Analysis
A, an Australian winemaker, employed an English company called D&D as its agent and distributor in the UK. D&D bought wines from A in its own right and sold wines on A’s behalf pursuant to an agency and distribution agreement (the agreement). The agreement was terminable by either party on six months’ notice or by notice with immediate effect in a number of events including the appointment of an administrator or liquidator.
On 21 April 2012, D&D went into administration and on 10 July 2012 into creditors’ voluntary liquidation. On administration there were outstanding invoices for wine that D&D had sold to UK retailers but had not yet been paid. On 23 April 2012, A gave written notice terminating the agreement and any authority D&D had to collect the price from the retailers. A proposed to collect the price directly and would account to D&D separately for their commission.
D&D’s liquidators objected and claimed to be entitled to collect the prices, deduct D&D’s commission and leave A to prove in the winding up for the rest of the price on the basis that the relationship regarding the invoices transactions was that of buyer and seller, not agent and principal, and thus a simple debt claim for goods sold and delivered. A contended that any moneys held by D&D were held in trust for them.
The matter came before the court as an application under s112 of the Insolvency Act 1986. The judge held that in the relevant respects the relationship was of principal and agent only and D&D’s authority to collect the price ended on A’s termination notice.
Before the Court of Appeal, the liquidators did not challenge the finding that D&D was acting as an agent, but argued that if it acted as an agent, then the authority to collect the price for goods sold on A’s behalf survived the termination of the agreement because they needed it in order to recover their commission.
The Court of Appeal accepted the argument and allowed the appeal, holding that D&D’s authority was irrevocable because the general rule that authority can be revoked must yield to what the parties have agreed should be their respective legal rights and obligations on the termination of the agency. Construing the agreement, the Court of Appeal held that a continuing right to collect the price was implicit in D&D’s right to deduct commission from the price before remitting it to A and D&D’s obligation to account to A for the price within 90 days of the bill, whether or not it had by then been received from the customer.
A’s argument that the proceeds were held for them on trust failed at both stages for different reasons.
Issues:
- (1) In what circumstances will the law treat the authority of an agent as irrevocable?

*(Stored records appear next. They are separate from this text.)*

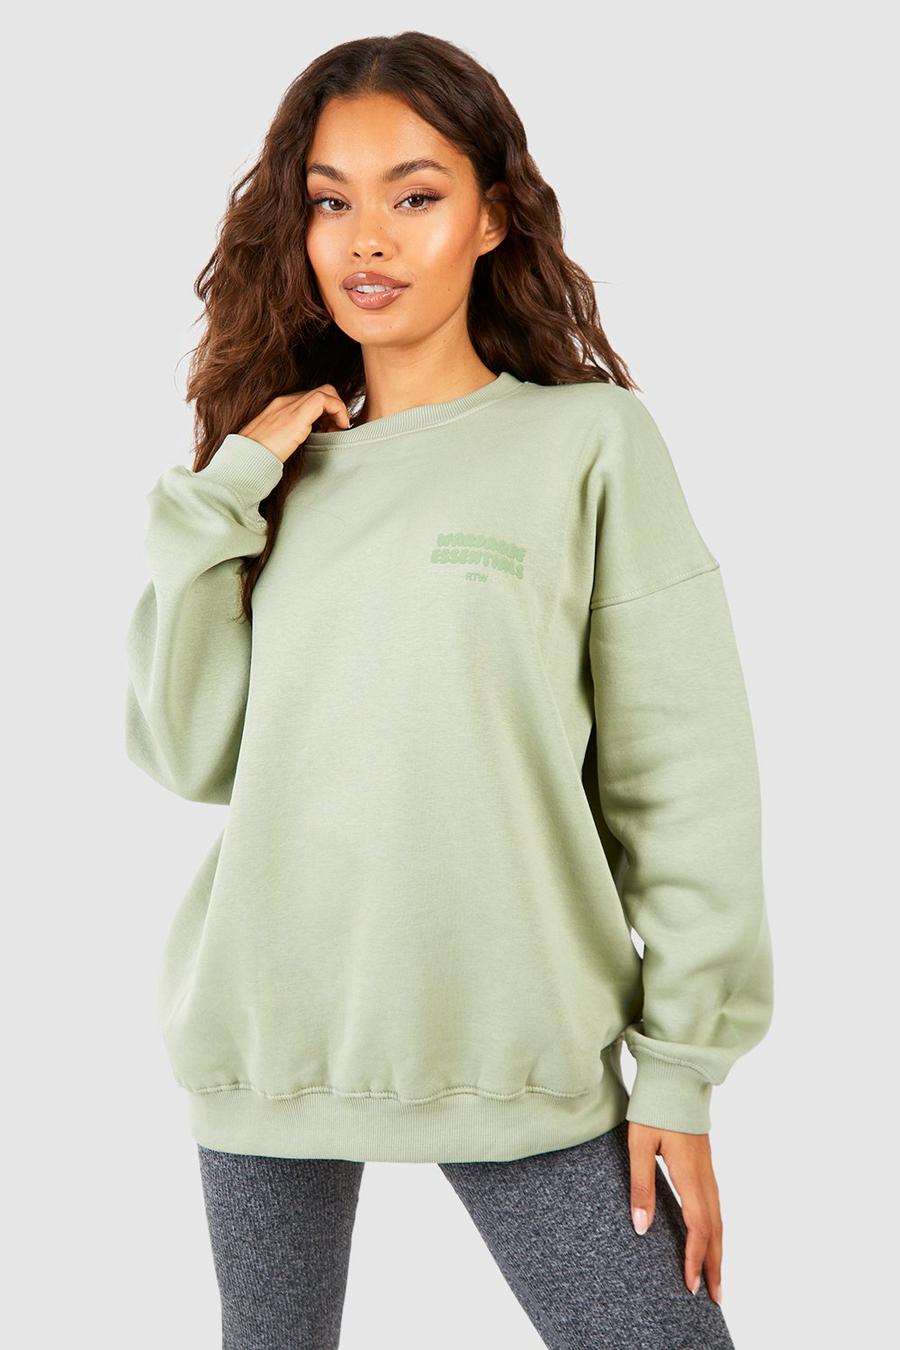 Sage Wardrobe Essentials Oversized Sweatshirt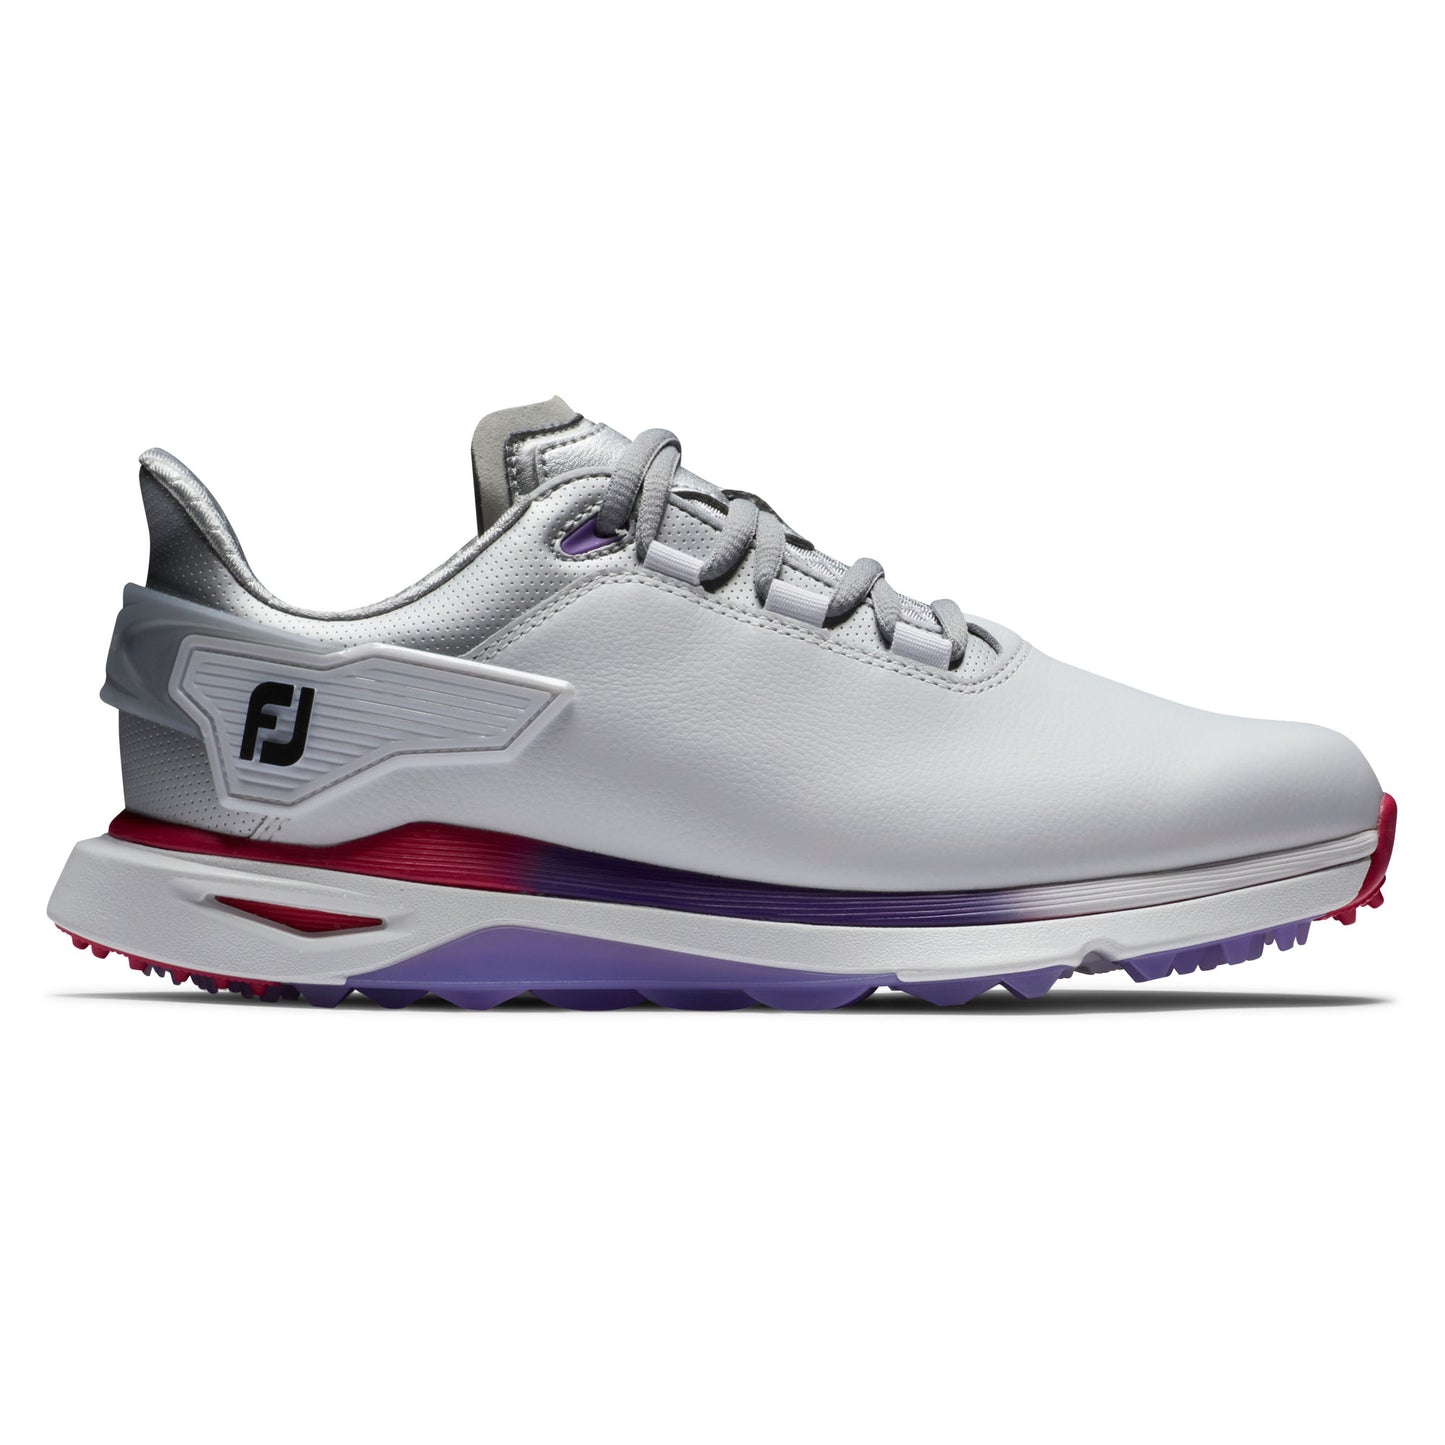 FootJoy Women's Spikeless Waterproof Pro/SLX Golf Shoes in White, Silver, Multi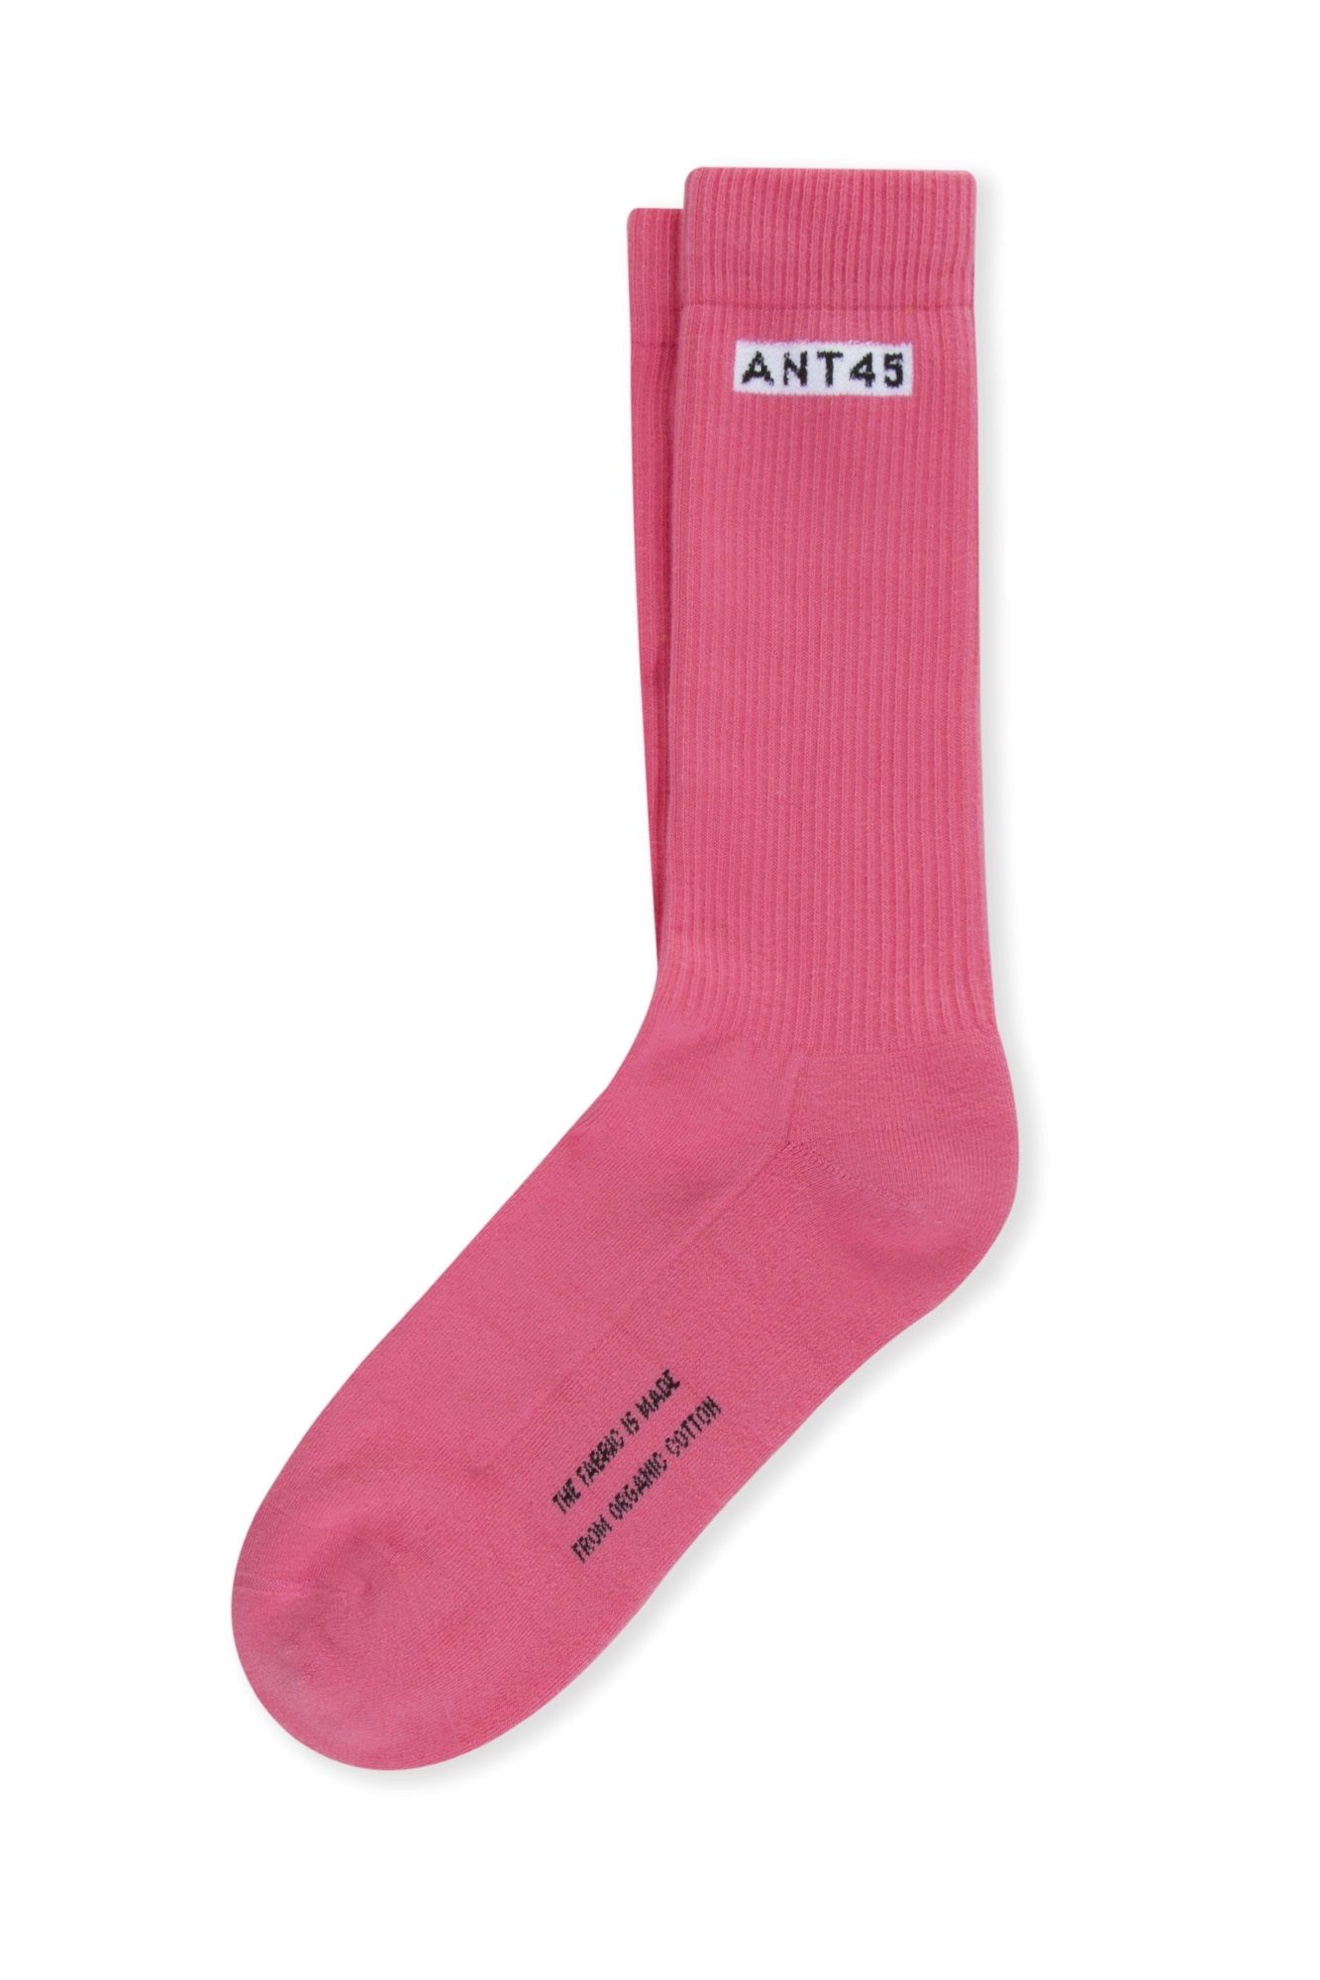 ANT45 Alicudi - Wollsocken mit Rippenstrick pink 36-41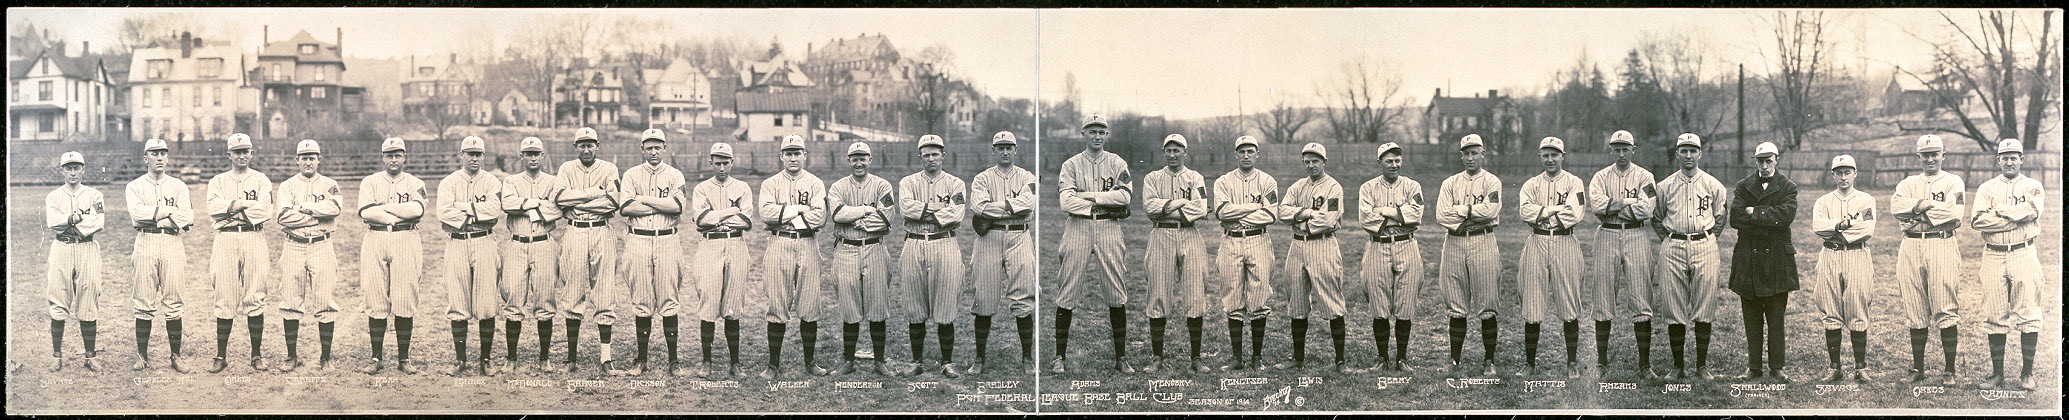 Pgh. Pgh. Federal League baseball club, season of 1914.jpg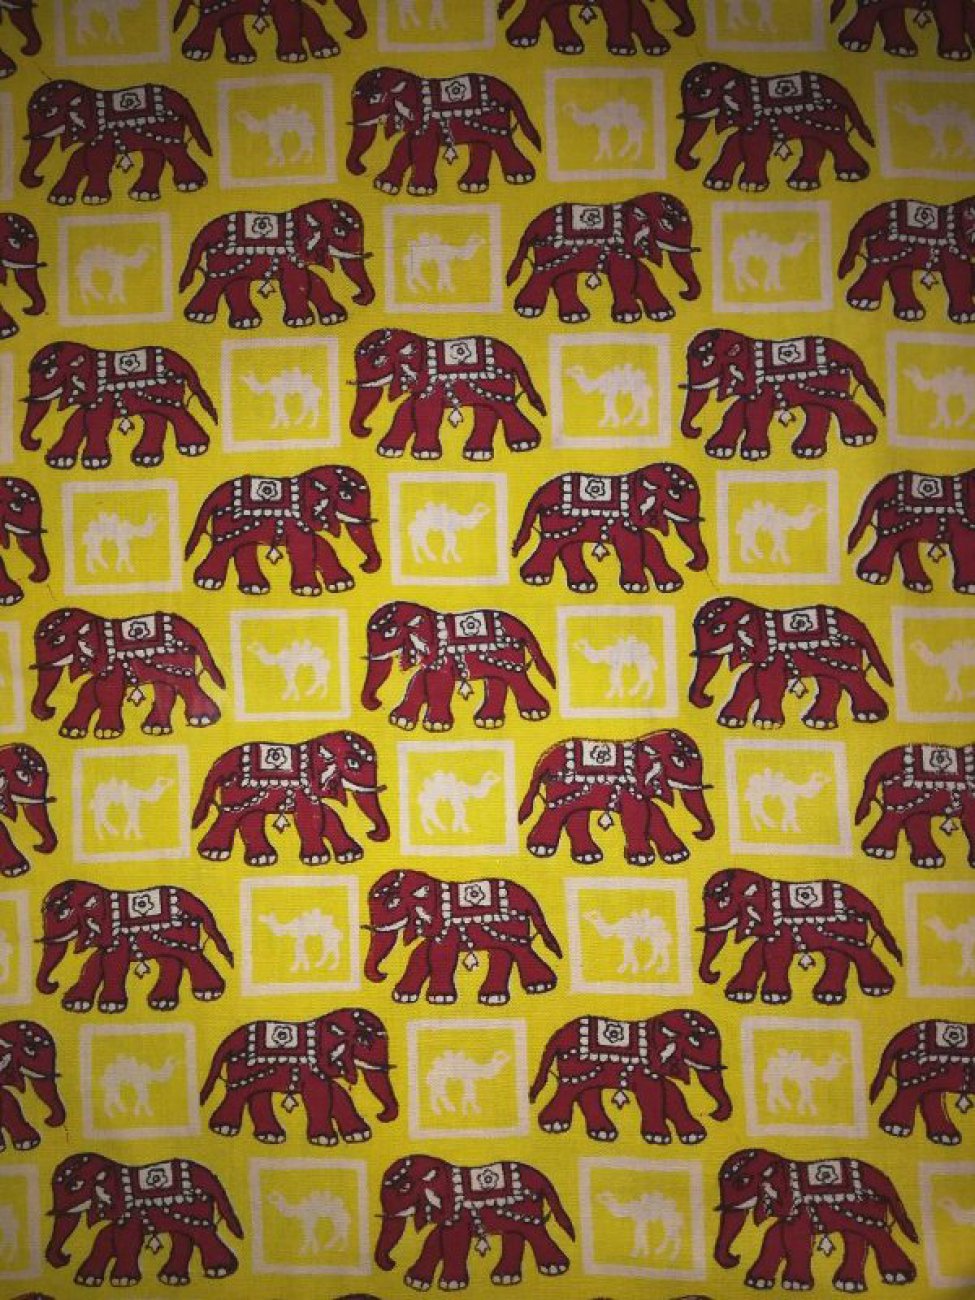 Желтого цвета с набивными красными слонами и белыми верблюдами в белых клетках, расположенными в шахматном порядке.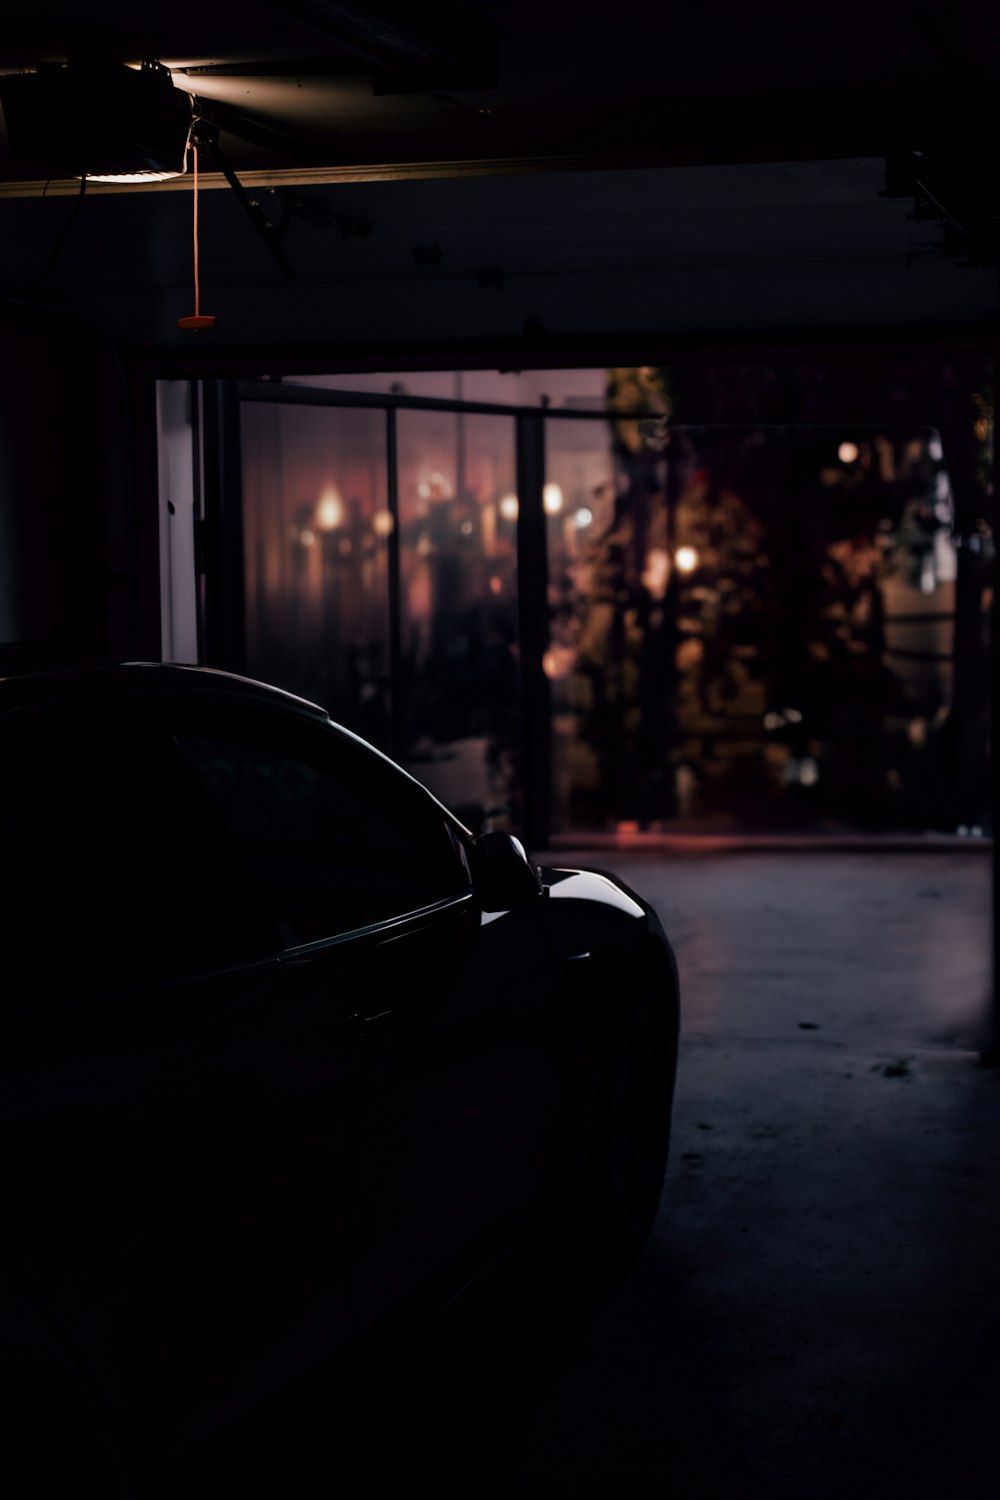 a car parked in a dark parking garage

- (2) Whether the receipt of money at a time when the recipient knows that imminent insolvency will prevent him from performing the corresponding obligation, can give rise to liability to account as a constructive trustee.
Held:
- 1) Regarding issue (1) the Court of Appeal only applied part of the test. The general rule is that an agent’s authority is revocable even if it is agreed to be irrevocable. It cannot therefore be enough to exclude the general rule that the authority is agreed to be irrevocable. What has to be agreed is not just that the authority is to be irrevocable but that it is intended to secure the financial interest of the agent. Both are questions for the construction of the agreement.
- 2) On construction of the agreement, it was not expressed to be irrevocable or to survive termination of the agreement and no such implication was possible.
- 3) Therefore A’s notice of 23 April 2012 was immediately effective to terminate D&D’s authority to collect on the outstanding invoices.
- 4) It was therefore unnecessary to deal with issue (2). However, assuming the contrary finding were made regarding issue (1), there was no constructive trust in this case (Neste Oy v Lloyd’s Bank Plc [1983] 2 Lloyds Rep 658 and In re Japan Leasing Europe Plc [1999] BPIR 911 overruled). An agent has a duty to account to his principal for money received on his behalf. The duty does not necessarily give rise to a trust of the money in the agent’s hands. That depends on the intentions of the parties derived from the contract, or in some cases from their conduct. If an agent became insolvent before accounting to his principal for money received on his behalf then, unless the relations between the parties are such as to make the agent an express trustee of the money, the money will form part of the agent’s insolvency estate and the principal must prove in the liquidation.
- 5) Appeal allowed and declared that the fund representing the proceeds of the invoices is payable to A.